X-RAY ABSORPTION SPECTROSCOPIC STUDIES OF THE HIGH-SPIN IRON(II) ACTIVE-SITE OF ISOPENICILLIN-N SYNTHASE - EVIDENCE FOR FE-S INTERACTION IN THE ENZYME SUBSTRATE COMPLEX

Isopenicillin N synthase from Cephalosporium acremonium (IPNS; M(r) 38.4 K) is an Fe2+-requiring enzyme which catalyzes the oxidative conversion Of (L-alpha-amino-delta-adipoyl)-L-cysteinyl-D-valine (ACV) to isopenicillin N, with concomitant reduction of O2 to 2H2O. Chemical and spectroscopic data have suggested that catalysis proceeds via an enzyme complex of ACV bound to the iron through its cysteinyl thiolate [Baldwin, J. E., & Abraham, E. P. (1988) Nat. Prod. Rep. 5, 129-145; Chen, V. J., Orville, A. M., Harpel, M. R., Frolik, C. A., Surerus, K. K., Munck, E., & Lipscomb, J. D. (1989) J. Biol. Chem. 264, 21677-2168 1; Ming, L.-J., Que, L., Jr., Kriauciunas, A., Frolik, C. A., & Chen, V. J. (I 99 1) Biochemistry 30, 11653-11659]. Here we have employed the technique of Fe K-edge extended X-ray absorption fine structure (EXAFS) to characterize the iron site and to seek direct evidence for or against the formation of an Fe-S interaction upon ACV binding.

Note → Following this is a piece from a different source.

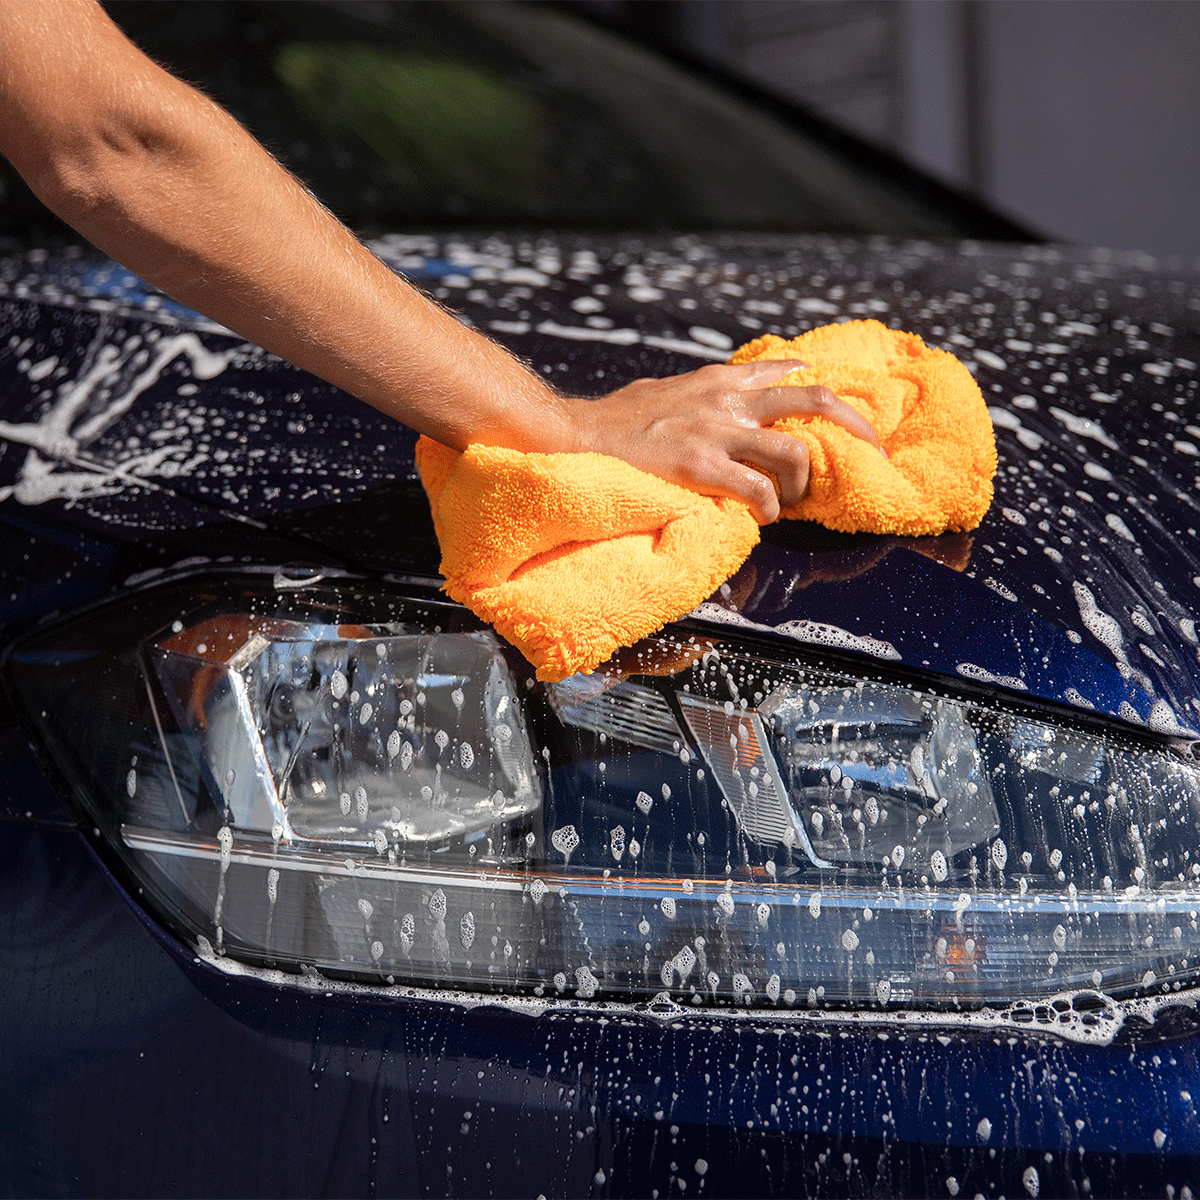 car cleaning

Our data collected in the absence of substrate and O2 are consistent with the iron center of IPNS being coordinated by only (N,O)-containing ligands in an approximately octahedral arrangement and with an average Fe-(N,O) distance of 2.15 +/- 0.02 angstrom. Upon anaerobic binding of ACV, the iron coordination environment changes considerably, and the associated Fe EXAFS cannot be adequately simulated without incorporating an Fe-S interaction at 2.34 +/- 0.02 angstrom along with four or five Fe-(N,O) interactions at 2.15 +/- 0.02 angstrom. Although these data cannot rule out incorporation of an endogenous thiolate from the protein coincident with ACV binding, evidence presented in the following paper indicates that the thiolate ligand originates from ACV [Orville, A. M., Chen, V. J., Kriauciunas, A., Harpel, M. R., Fox, B. G., Munck, E., & Lipscomb, J. D. (1992) Biochemistry (following paper in this issue)]. Multiple-scattering analysis of the EXAFS data shows that two or three of the Fe-(N,O) interactions are likely due to histidyl imidazole ligation, both in the presence and in the absence of ACV.